Friday, May 27, 2011

God is a practical joker at heart

It isn't lost on me, this dark side of yours.
You take from me everything I love. My love, my living, my home, etc.
This action from you is focused. Dedicated.
Your aim has been true. You have hit your target.
I have fallen into depths which I could never fathom.
Well, I couldn't fathom prior.

But you slipped, God.

You fell short of your goal to destroy that which you have created here.
In chipping away from me, you have left the important parts whole.
You have gotten soft, God...I see this now.

In taking from me all that is important, you have held a card or two in that deck and JUST like the blackjack table that wants you to stay a while longer, you are pulling out those cards now.

You gave me a World Series. My father approved.

You gave me a NBA Finals. He would have liked that as well.

You gave me a comic book convention and showed me the way to make myself stand apart. My mother smiled on me that day.

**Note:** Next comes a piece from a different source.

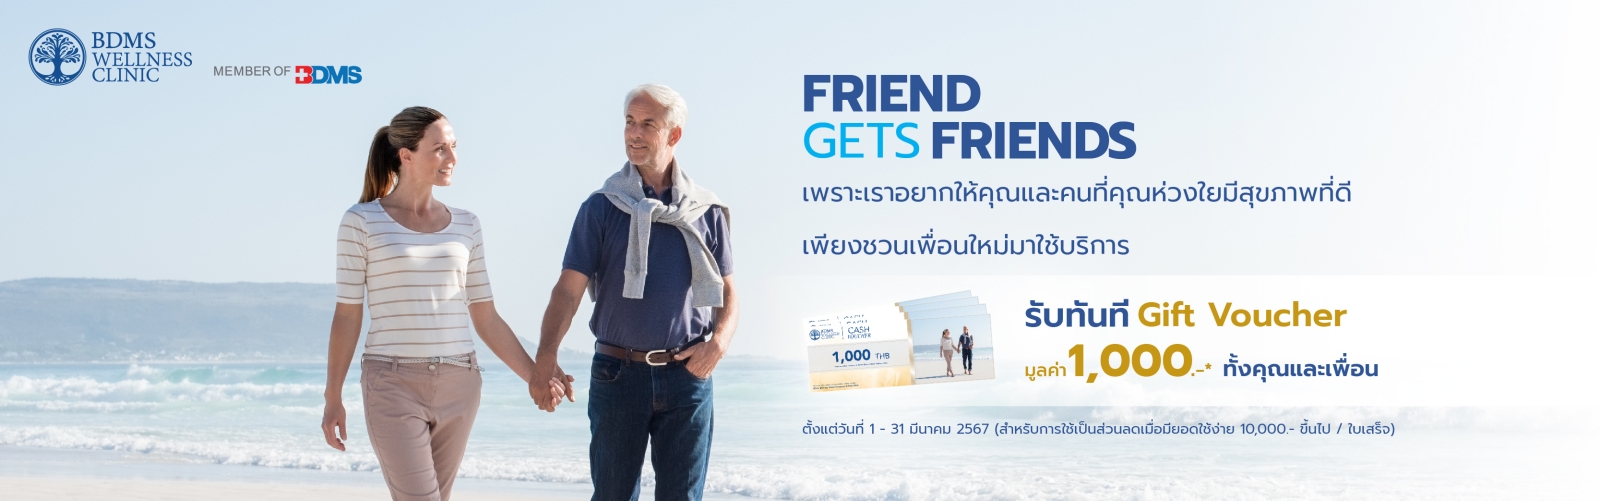 Friend Gets Friends - รับคูปองเงินสด 1,000 บาท*
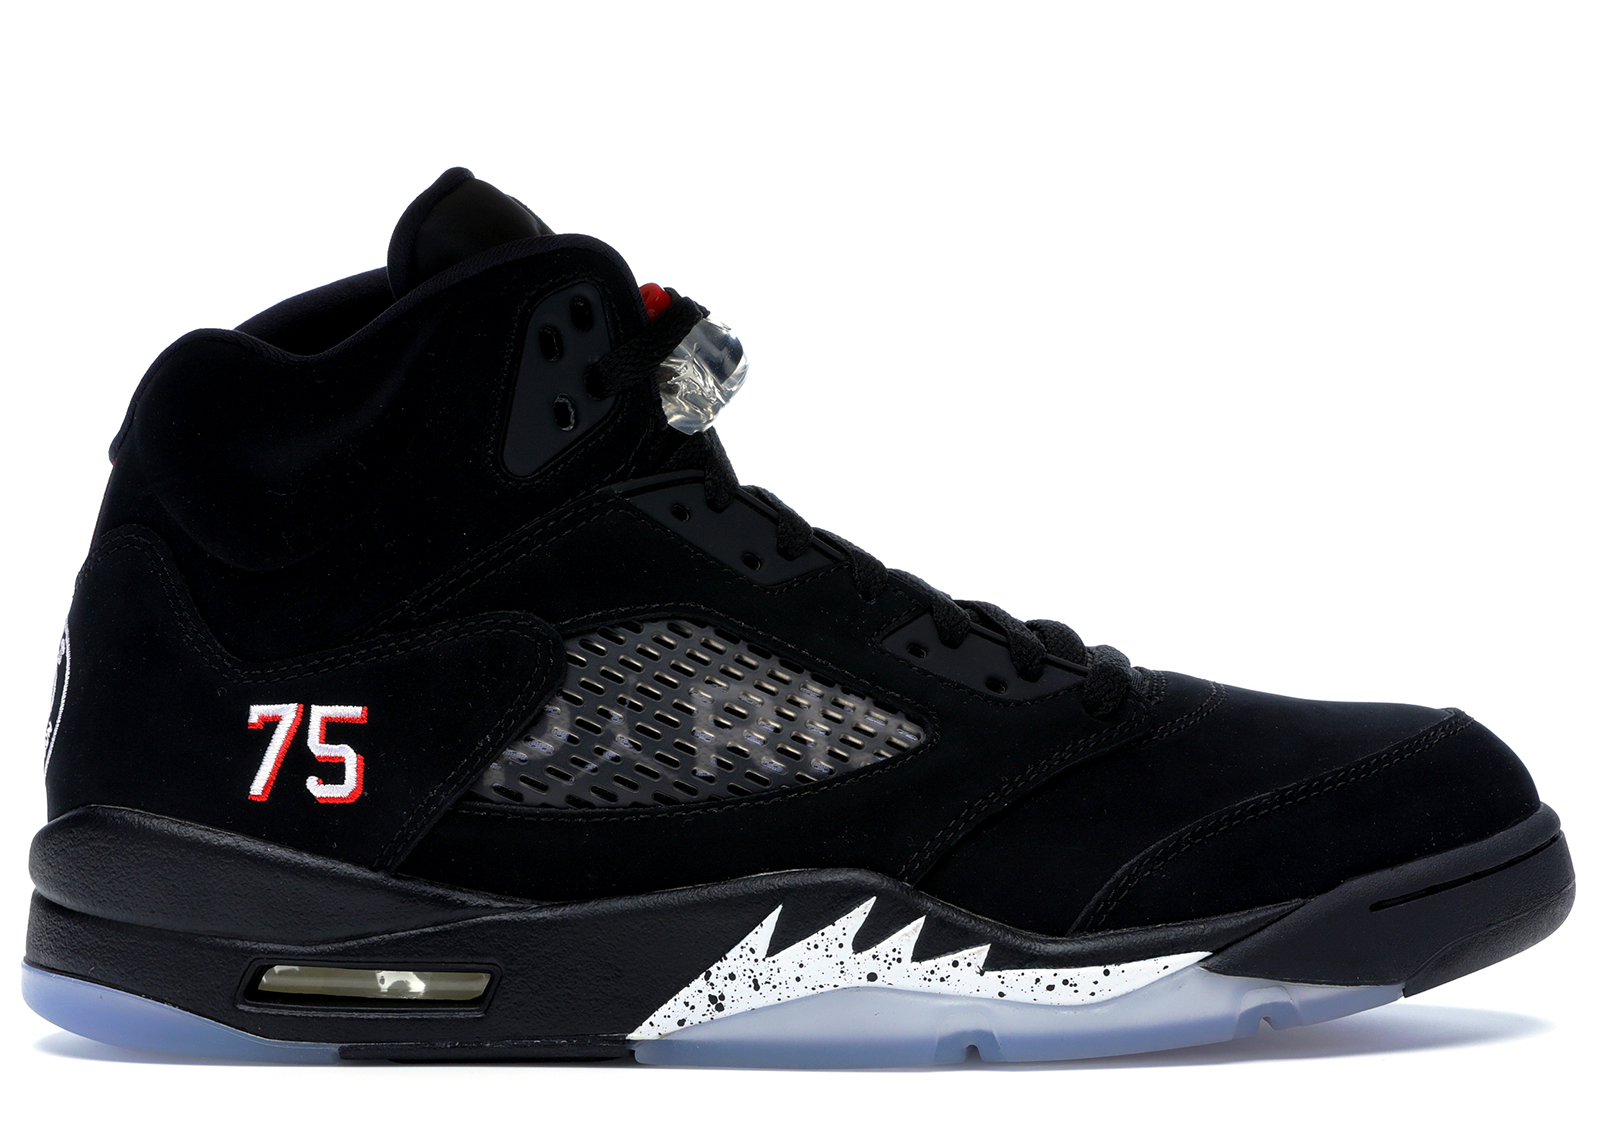 Buy Air Jordan 5 Size 13 Shoes & Deadstock Sneakers

But HERE, I have to draw the line.

1992.
Ray, Jay, Trey, Chris and I play Sega Genesis. Our favorite game is NHL Hockey. We have nights that we play this simple game for double digit hours. We all picked our favorite teams, we remained loyal throughout all the itterations of this game. Jay loved his Blackhawks. Ray loved his Devils. Trey stuck with the Dallas Stars. I was torn between two teams. But only these two teams. Regardless of their rankings, I stuck by these teams like they were family.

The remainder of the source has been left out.